Electromechanical modeling of heart failure cells demonstrated that differences in electrical responses cause slowed Ca2+ transient relaxation and decreased force, potentially inducing arrhythmia.
Computational electromechanical modeling demonstrates that heart failure-induced changes in Ca2+ handling lead to decreased force and increased APD gradients, providing a mechanistic link to arrhythmogenesis.
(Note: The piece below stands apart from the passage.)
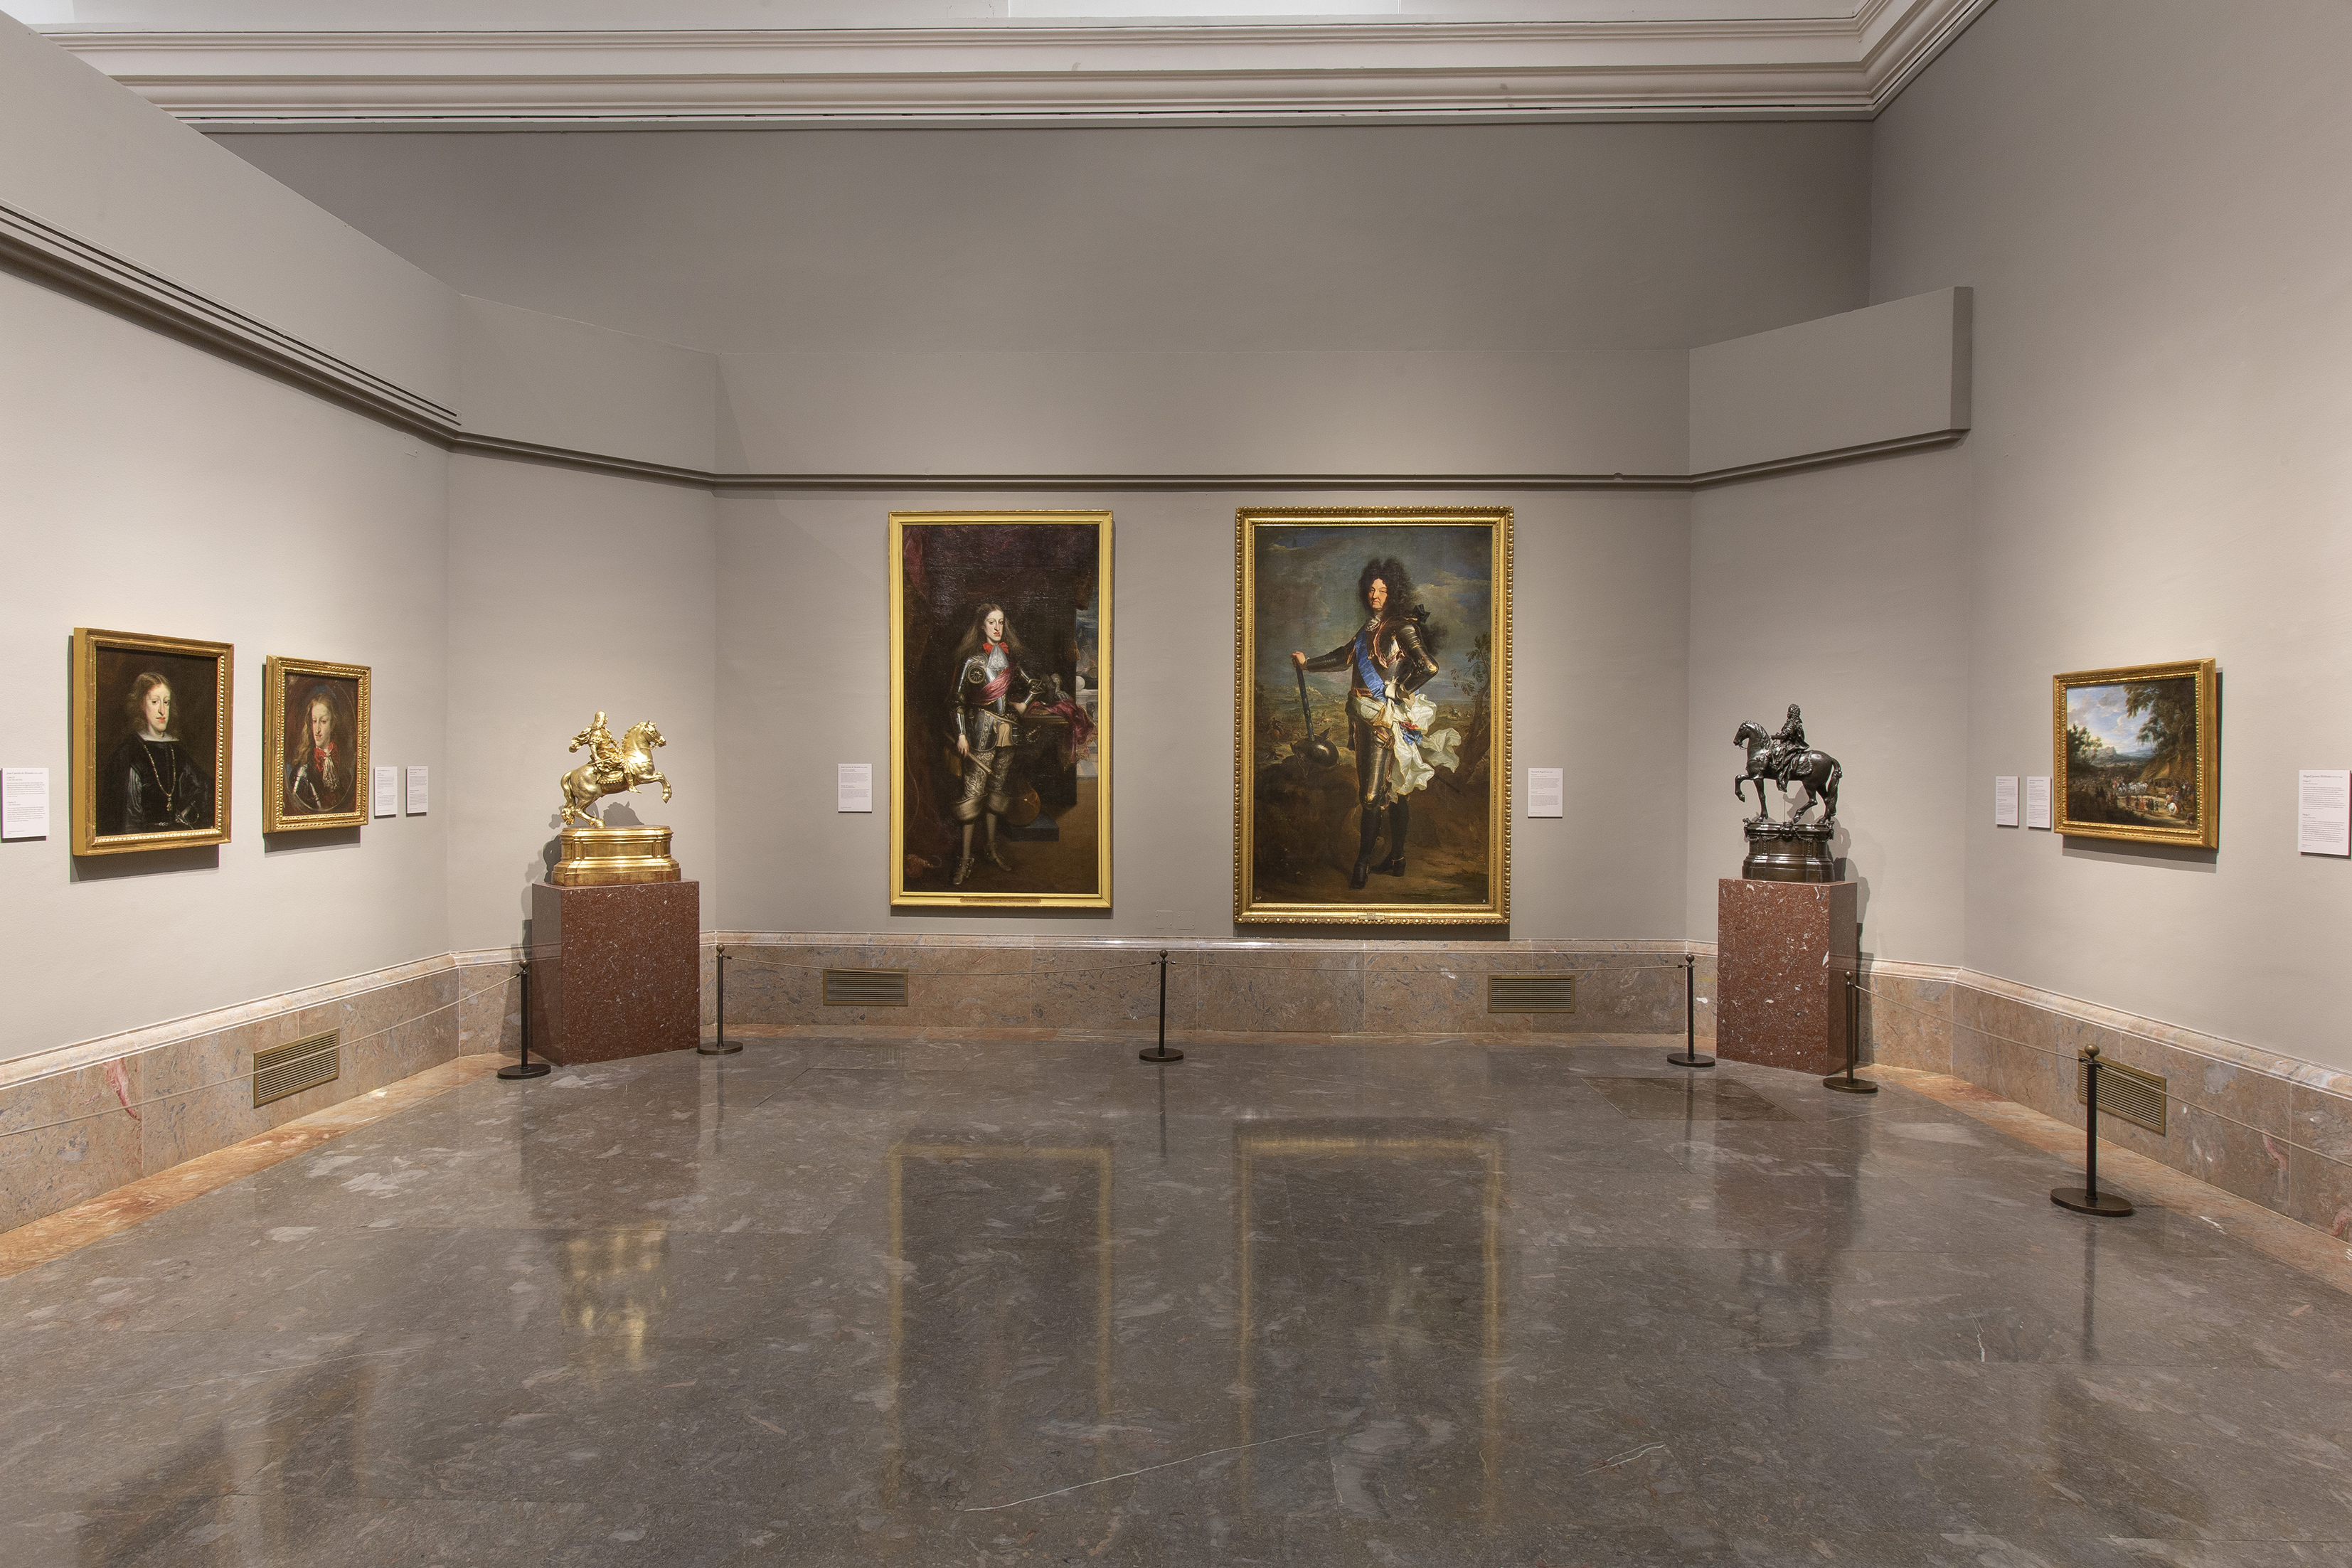 Sala 19 del edificio Villanueva. Museo Nacional del Prado. Colección siglo XVIII. ©Museo Nacional del Prado

Effects of heart failure on the mechanical function of the heart are difficult to assess experimentally, yet they pose a serious physiological challenge. By integrating modified cellular action potential model based on experimental data of heart failure with modified Hunter-McCulloch-ter Keurs (HMT) mechanical heart cell model, an electromechanical cardiac cell model was constructed and used to study cellular mechanical properties of both fast and slow contracting myocytes in heart failure. The simulation results show that the differences of the electrical responses between failing cells and normal cells can cause slowing relaxation of the Ca 2+ transient, and the difference of the Ca 2+ -TnC concentrations between fast and slow myocytes in failing hearts is much reduced than in nonfailing hearts. It results in a decrease of force, which might diminish the role of mechanoelectric feedback (MEF), then induce an increase of transmural action potential duration (APD) gradients. It might cause arrhythmia in heart failure. These results are in good accordance with experimental findings reported in the literatures and might motivate further research on modeling and simulation of heart failure at the tissue and the whole organ levels
Huang et al. (Sat,) conducted a other in Heart failure. Electromechanical cardiac cell modeling vs. Normal cells (nonfailing hearts) was evaluated on Cellular mechanical properties (Ca2+ transient, force, APD gradients). Electromechanical modeling of heart failure cells demonstrated that differences in electrical responses cause slowed Ca2+ transient relaxation and decreased force, potentially inducing arrhythmia.